◆ EXERCISE INSTRUCTIONS ◆
Return the line that has "Fort al-Jalali, Old Muscat, Oman" and all lines below it through the last, exactly as they stand; omit pictures.

(DATA PROVIDED)

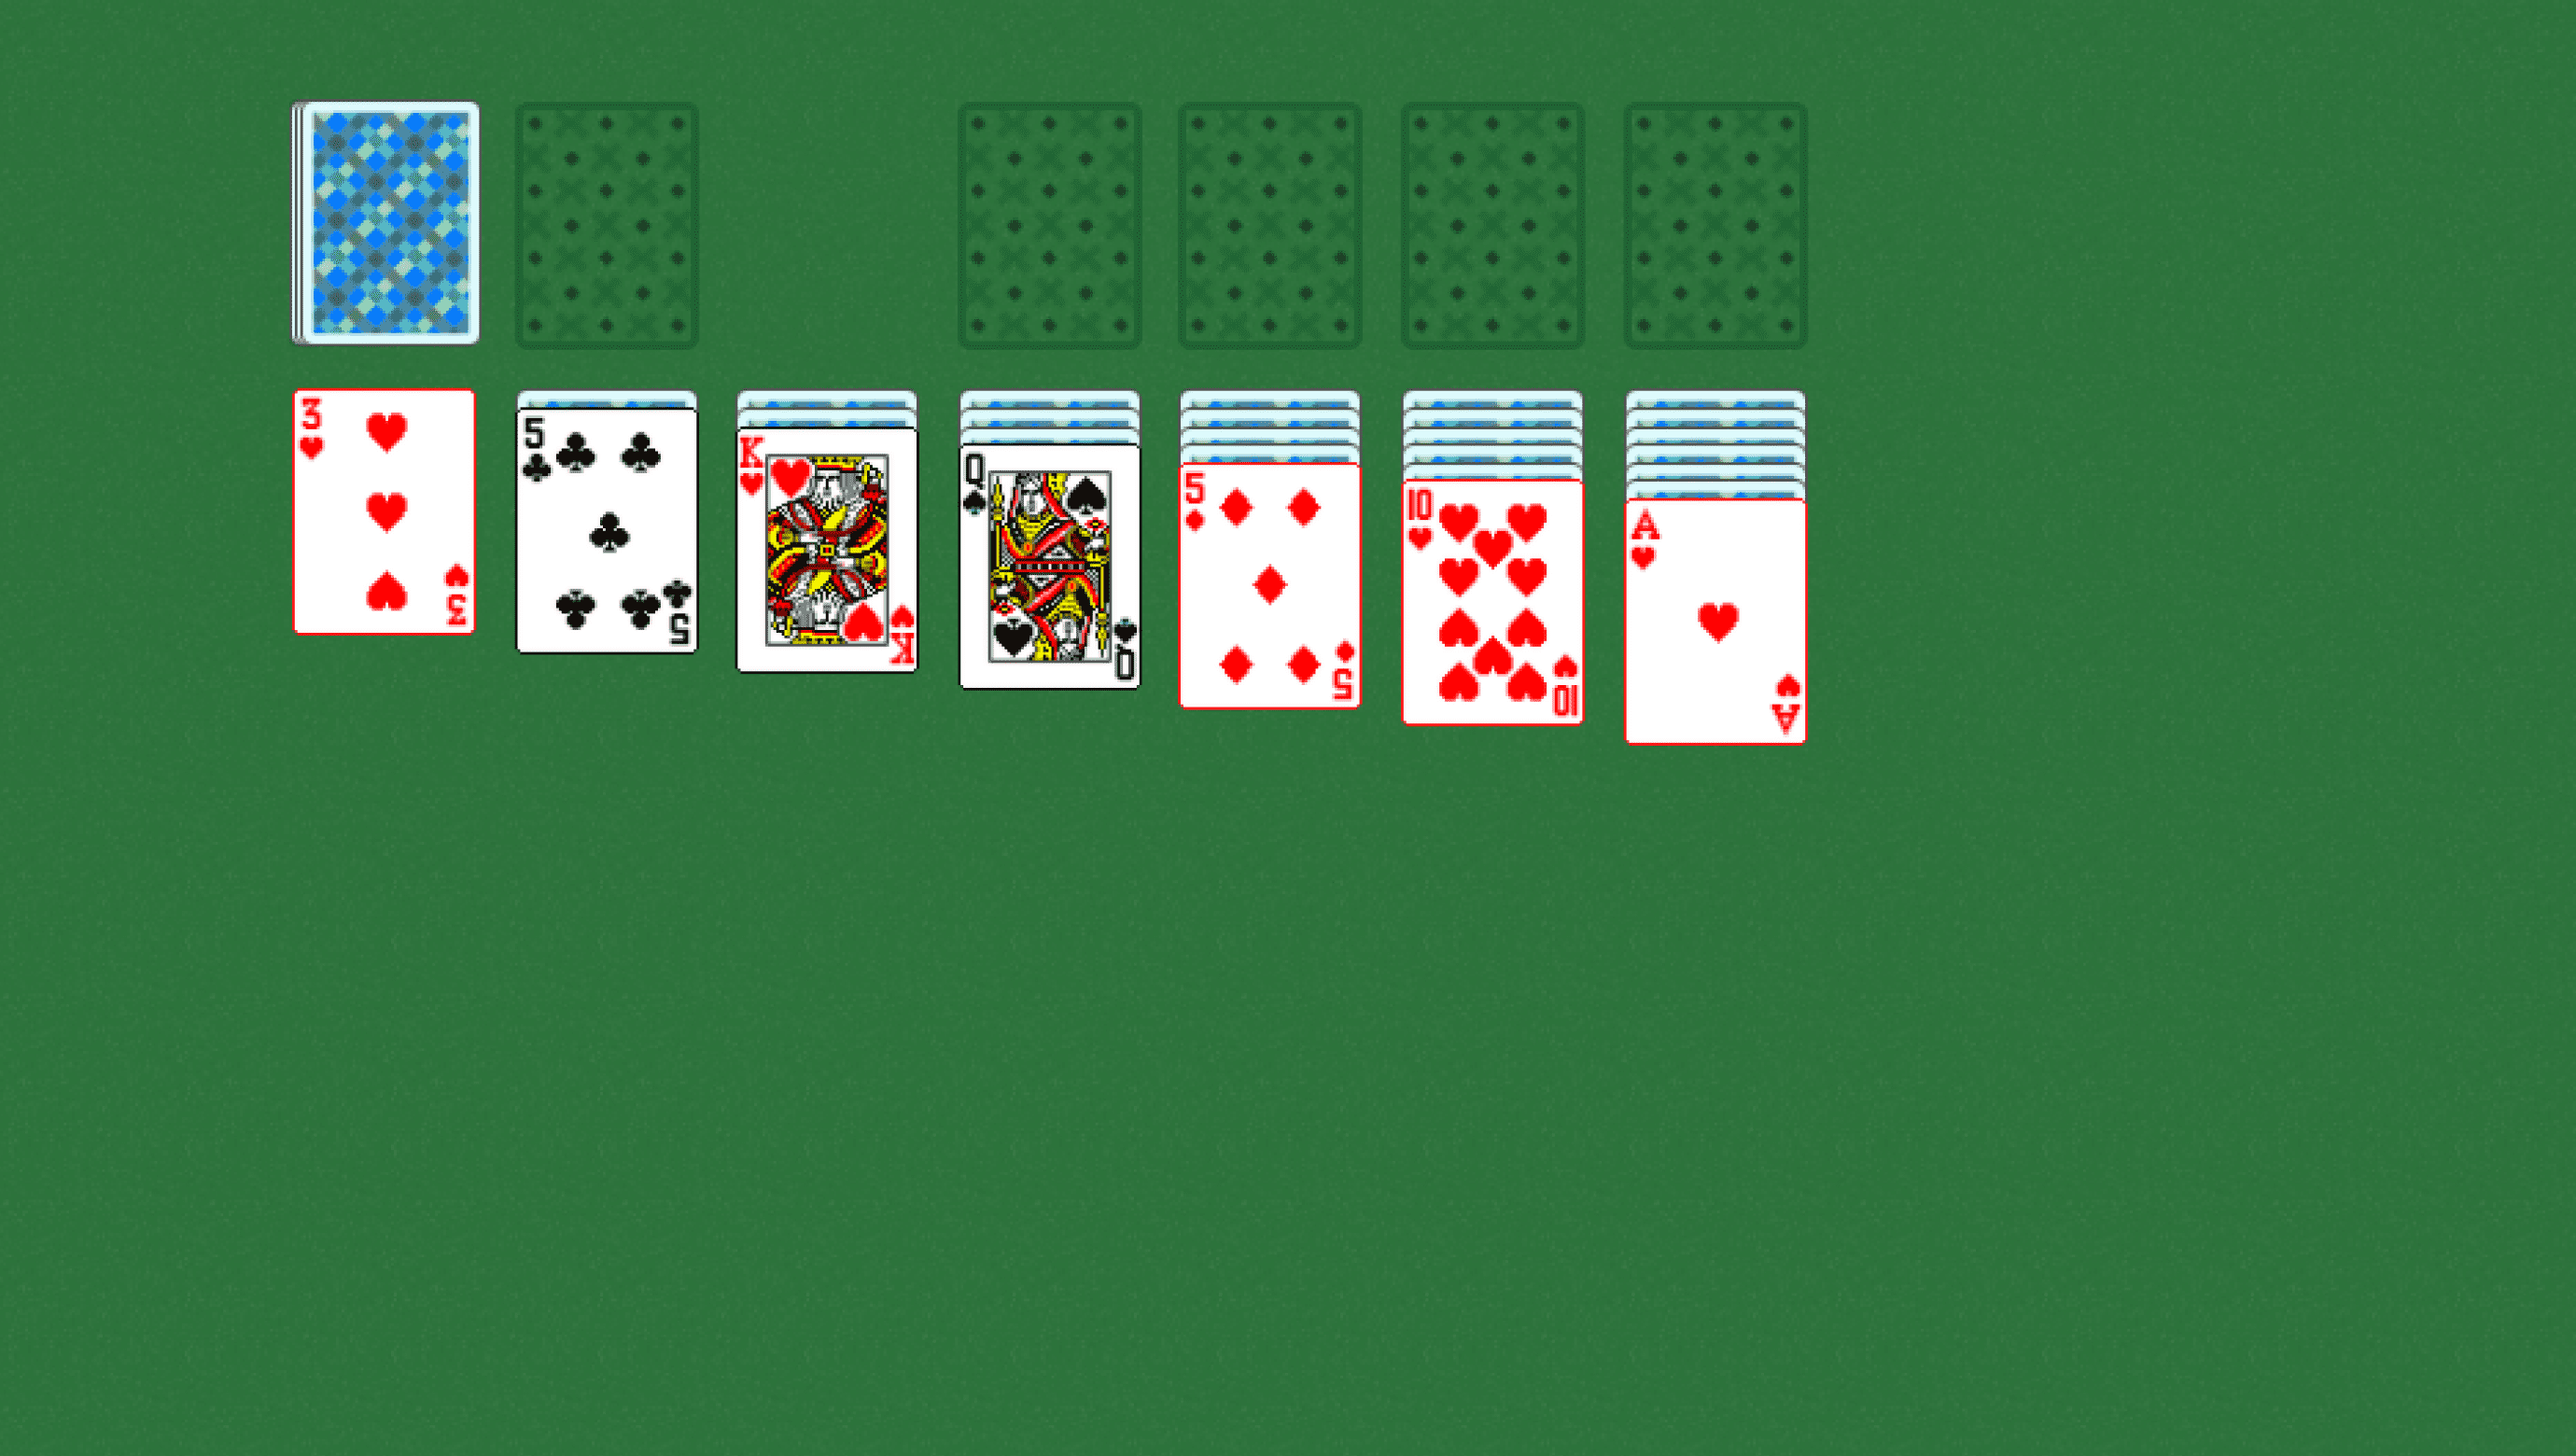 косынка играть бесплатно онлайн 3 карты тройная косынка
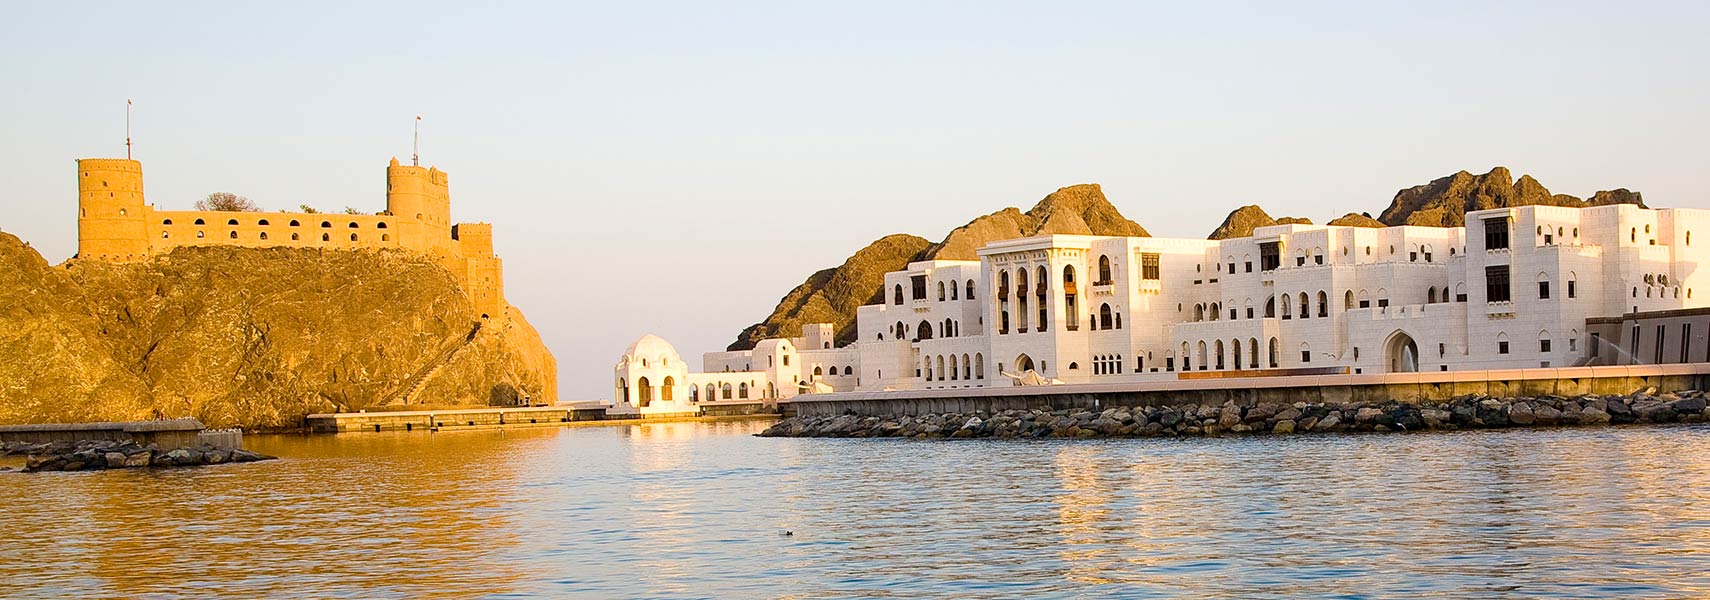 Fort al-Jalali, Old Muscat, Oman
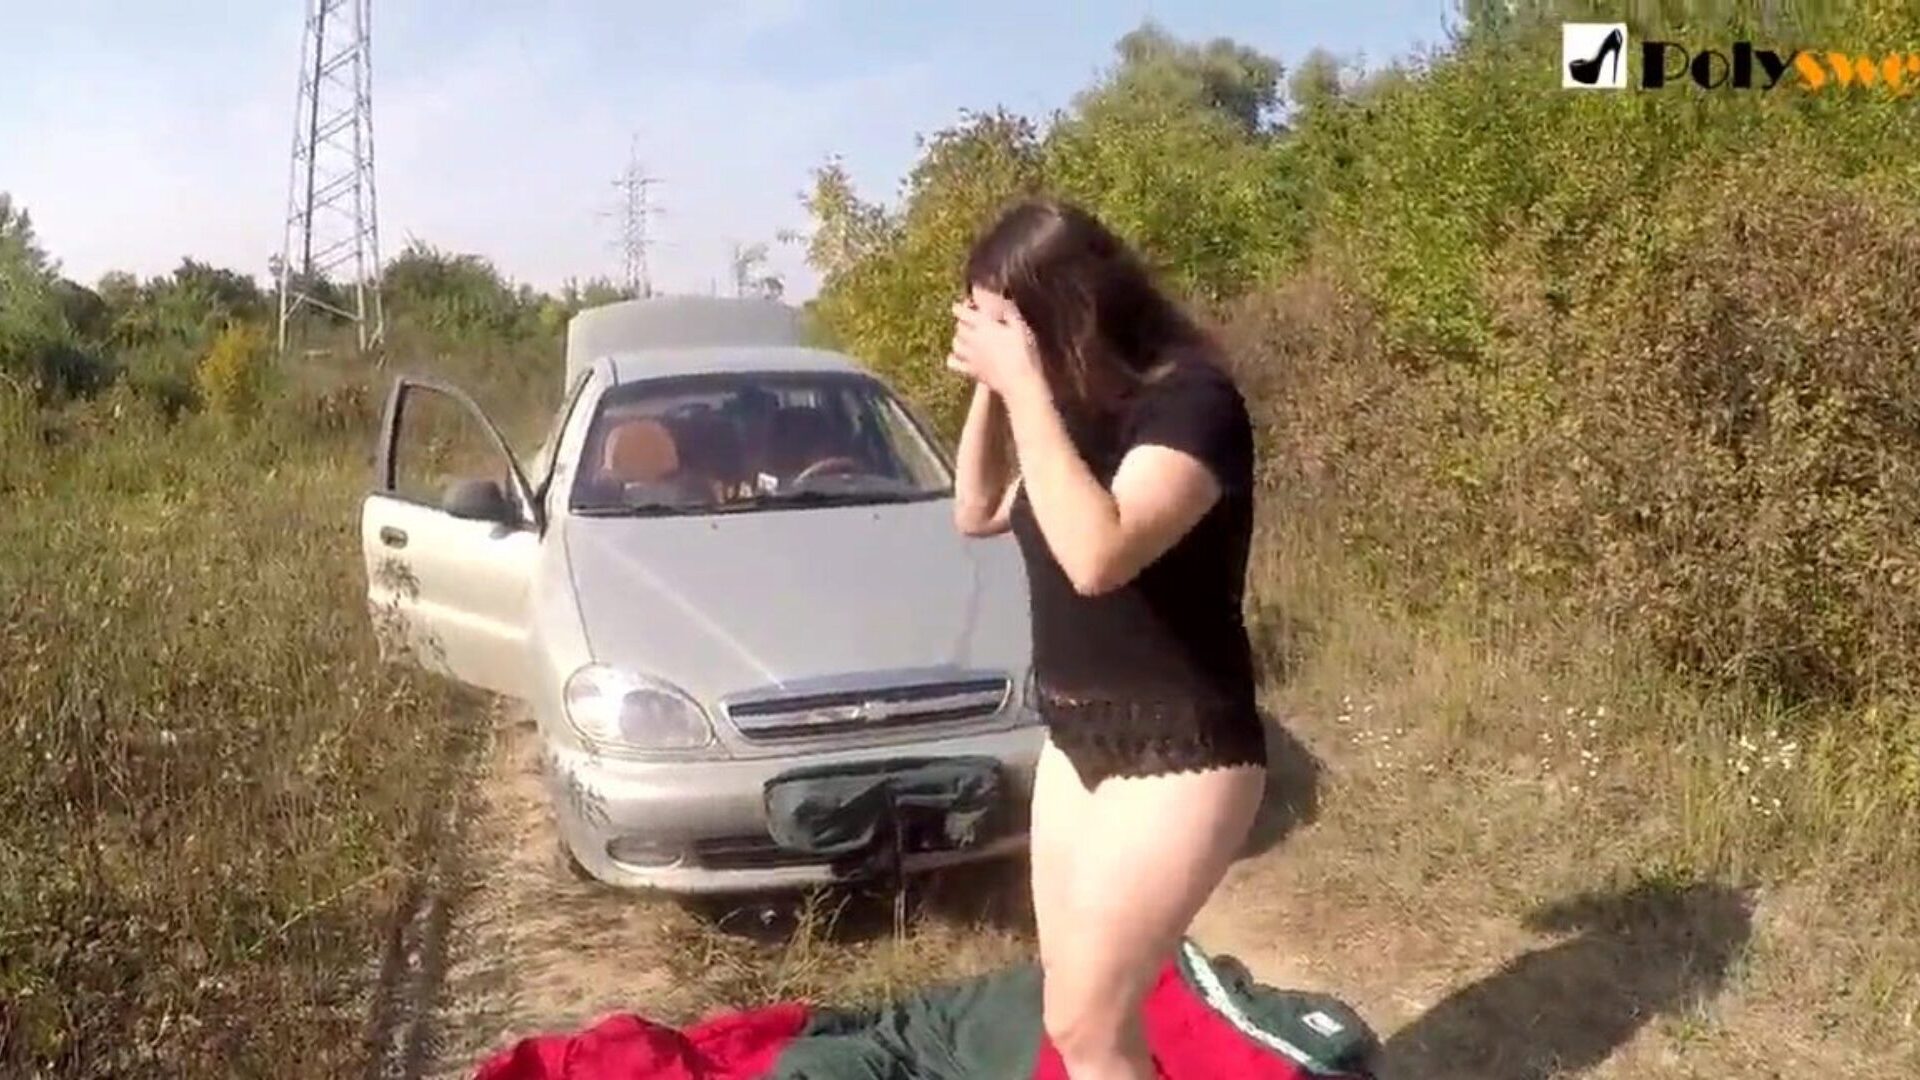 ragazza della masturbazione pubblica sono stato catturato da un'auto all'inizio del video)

(End DATA PROVIDED)

◆ WRITTEN ANSWER ◆
 Fort al-Jalali, Old Muscat, Oman
 ragazza della masturbazione pubblica sono stato catturato da un'auto all'inizio del video)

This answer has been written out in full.